Carlo und die Wände
Carlo hat eine unförmige Nase, unter der ein kleiner Schnurrbart fusselig und nass bis über die Unterlippe hängt. Seine Brauen sehen aus wie haarige Raupen, die irgendwie wild sind und so gar nicht zu seinen kleinen, stillen und braunen Augen passen.
Er liebt das Ficken.
Er ist Elektroniker, weiß mit seiner Energie nirgends hin und masturbiert bisweilen verzweifelt in Rohbauten umher. Manchmal spritzt er an die Wände jedes Zimmers. Wohlweislich, dass hier bald Tapeten geklebt werden und seine DNA für immer hier sein wird.
„Wen kann ich ficken?“ fragt er herausfordernd in den Swingerclubs der Umgebung, entblößt seinen Schwanz und lässt ihn voller Stolz groß werden. Die anderen Besucher schweigen eingeschüchtert und beachten ihn nicht weiter. Er ist ihnen unheimlich.
Das sind seine Erfahrungen, aber weil sie ohne Frau vor sich gehen, stimmen ihn diese traurig.
Carlo tritt mit bloßem Morgenpenis und behaarter Brust in die Küche. Es ist Montag, er muss gleich zur Arbeit und seine Notgeilheit ist extrem.
„Jutta, gib mir Deinen Mund!“
Jutta ist seine Frau, eine langweilige Person, die Sex als notwendiges Übel bezeichnet und alles „Ihhh“ findet, was bei anderen „Ahhhh“ macht.
„Ach, Carlo, Du hast letzte Woche meinen Mund gekriegt“, klagt sie.
„Mund auf“ klingt es drohend.
„Aber Carlo, ich habe keine Lust und Du musst doch auch los!“
„Mund her!“
„Können wir das nicht morgen machen?“
„Los jetzt“
Carlo hat eine Bluse aus von dem Stapel Wäsche genommen, die auf dem Bügelbrett liegt und hält sie provozierend vor sich her: „Eins…zwei..drei!“ Und gleichgültig und langsam reißt er das Stoffteil in der Mitte entzwei. Ein fürchterliches Geräusch. Die Frau weint, während sie sich einen Zopf zusammenbindet.
Er will schon das nächste Hemd greifen, da geht sie hastig auf ihre Knie, öffnet den Mund und nimmt seinen Schwanz auf ihre Zunge.
Er hätte sich ihren Mund auch einfach, ohne zu fragen, nehmen können, aber er wollte einfach siegen. Reibereien steigern seine Lust.
Spät in der Nacht, als der Mond am höchsten steht, kommt Carlo nach Hause. Er singt weinbeseelt ein Ficklied durch die schlafenden Straßen:
„Und die, die es von hinten mag, die trifft man nicht an jedem Tag.“
Er kommt an seine Tür. Durch die Scheiben sieht er seine Frau auf dem Sofa liegen. Sie wird gleich ins Bett wechseln und natürlich ist kein Sex mehr drin. Irgendwie macht ihn das gerade wütend. Vergessen ist die Mundverwöhnung der Frau. Einen Schlüssel hat er vergessen und so geht er ein paar Schritte rückwärts, nimmt einen Anlauf und tritt die Tür ein.
Sein Leben verläuft einfach, ohne viel Umstände.
Sie haben gerade Kaffee getrunken. Die Tassen sind leer und braune Kaffeeränder warten nun auf den Abwasch. Jutta hat Regelschmerzen und so wäscht Carlo sie ab. Insgeheim erhofft er sich dafür eine offene Rosette und fährt mit dieser Hoffnung zur Arbeit. Am Abend ist seine Frau längst im Bett und unpässlich.

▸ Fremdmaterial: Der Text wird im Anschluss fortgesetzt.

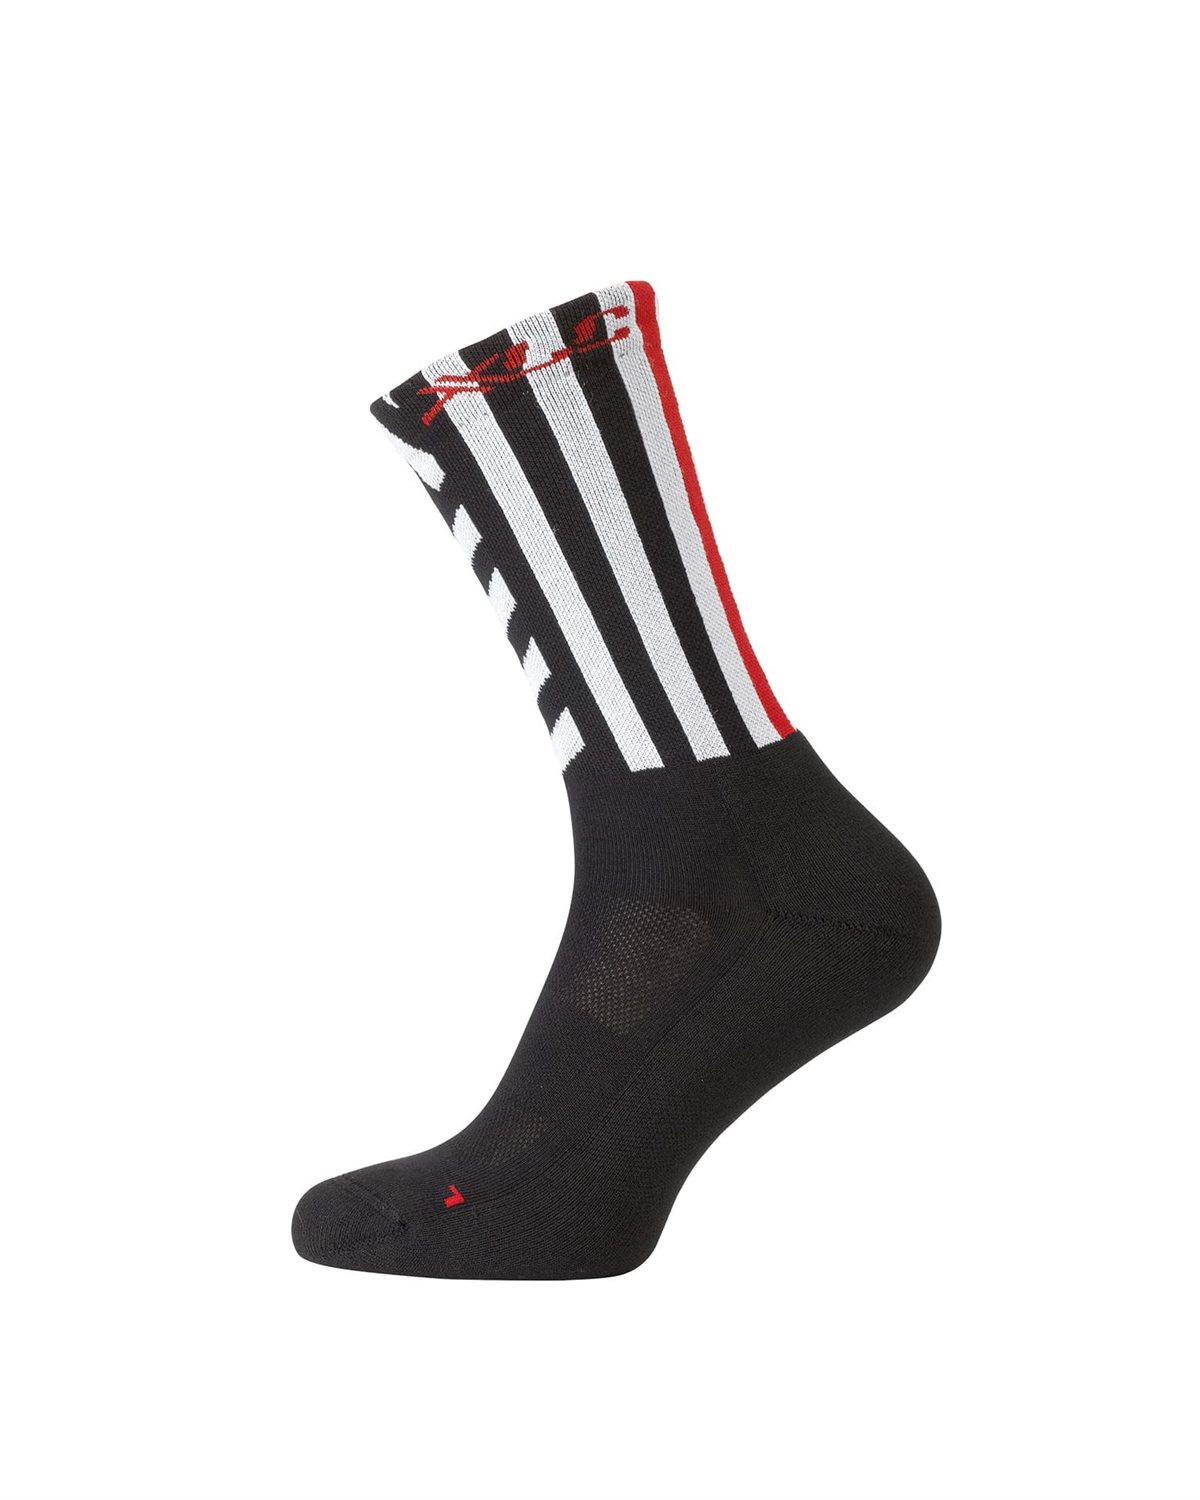 All Mtn Socks CS-L02 Schwarz/Weiß 42-45
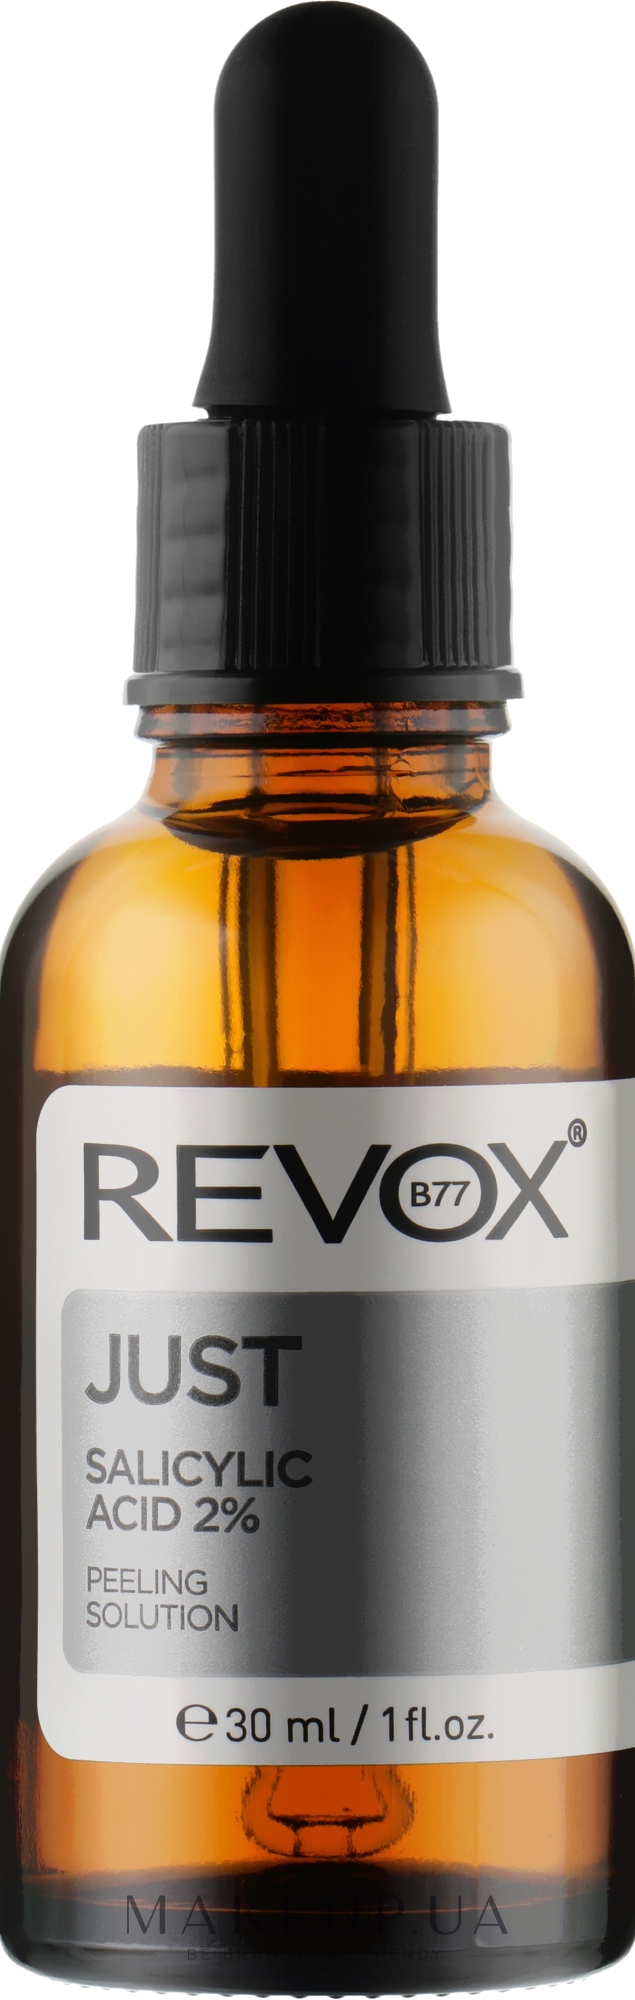 Salicylic Acid 2% Toner – Revox B77

Es ist Sonntag und Carlo hat seinen besten Schlüpfer an. Es ist eine Shorts mit roten Sternen darauf. Jutta meinte einmal, dass sie ihn gerne an ihm sehen mag, aber vielleicht findet sie es auch nur gut, dass er mal angezogen ist. Draußen schneit es, und die Heizung rattert und gluckert wie verrückt. Er müsste mal wieder Luft herauslassen, aber der Schlüssel ist dafür nicht zu finden. Also versucht er es mit einem Schraubenzieher, rutscht ab und zerreißt sich dabei seine Shorts. Jutta lacht laut aus dem Effekt heraus, aber besinnt sich schnell wieder. Diesen Tag verbringt Carlo bei einer Prostituierten.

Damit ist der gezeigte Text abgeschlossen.